Malaysia court to hear Anwar sodomy appeal in October

Malaysia court to hear Anwar sodomy appeal in October

KUALA LUMPUR - Malaysia's highest court on Thursday set a late October hearing date for opposition leader Anwar Ibrahim's appeal of a controversial sodomy conviction that threatens his political career.

Anwar was convicted in March of sodomising a young former male aide, and has been sentenced to five years in prison. He says the charges are fabricated in order to halt the opposition's recent momentum.

If the appeal fails, it would be a major blow for the fractious Pakatan Rakyat (People's Pact) opposition alliance, which united around the charismatic campaigner to achieve unprecedented gains in the past two elections.

The case also has raised fears of public protests if Anwar is sent to jail.

N. Surendran, one of Anwar's lawyers, said the Federal Court set October 28 and 29 for the appeal.

Sodomy is illegal in Muslim-majority Malaysia, even if consensual, and punishable by up to 20 years in jail.

Surendran called the case a "political conspiracy" to cripple the opposition.

"We fully expect the Federal Court to set aside the conviction.
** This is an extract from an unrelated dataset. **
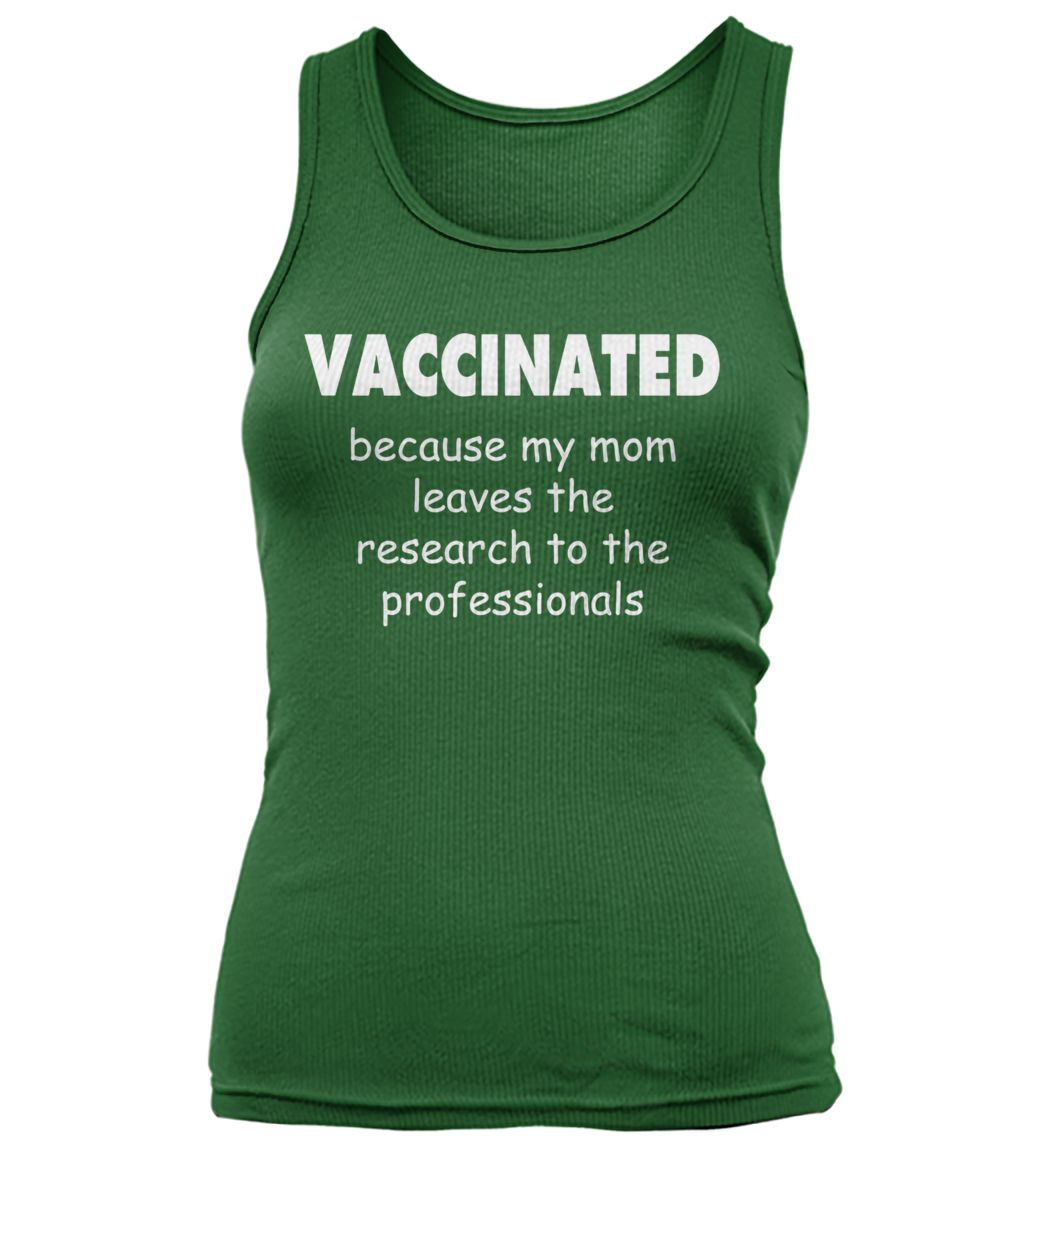 Vaccinated because my mom leaves the research to the professionals women's tank top

The whole world knows these are trumped-up and fabricated charges," he said.

Anwar's legal battles have gripped Malaysian politics for nearly two decades.

A one-time rising star in the ruling United Malays National Organisation (UMNO), he was ousted in a bruising late-1990s power struggle, and convicted and jailed on an earlier, separate sodomy charge, which he also said was false.

In the current case, Anwar political aide Mohamad Saiful Bukhari Azlan accused the opposition leader of sodomising him in 2008. The allegation came shortly after Anwar led Pakatan to historic electoral gains that rocked the UMNO establishment.

A lower court found Anwar not guilty in 2012, but an appeals court sensationally overturned that verdict in March, drawing international criticism.

Adding to Anwar's troubles, Saiful in June filed a civil lawsuit against Anwar over the sodomy case, seeking 50 million ringgit (S$19.6 million) in damages.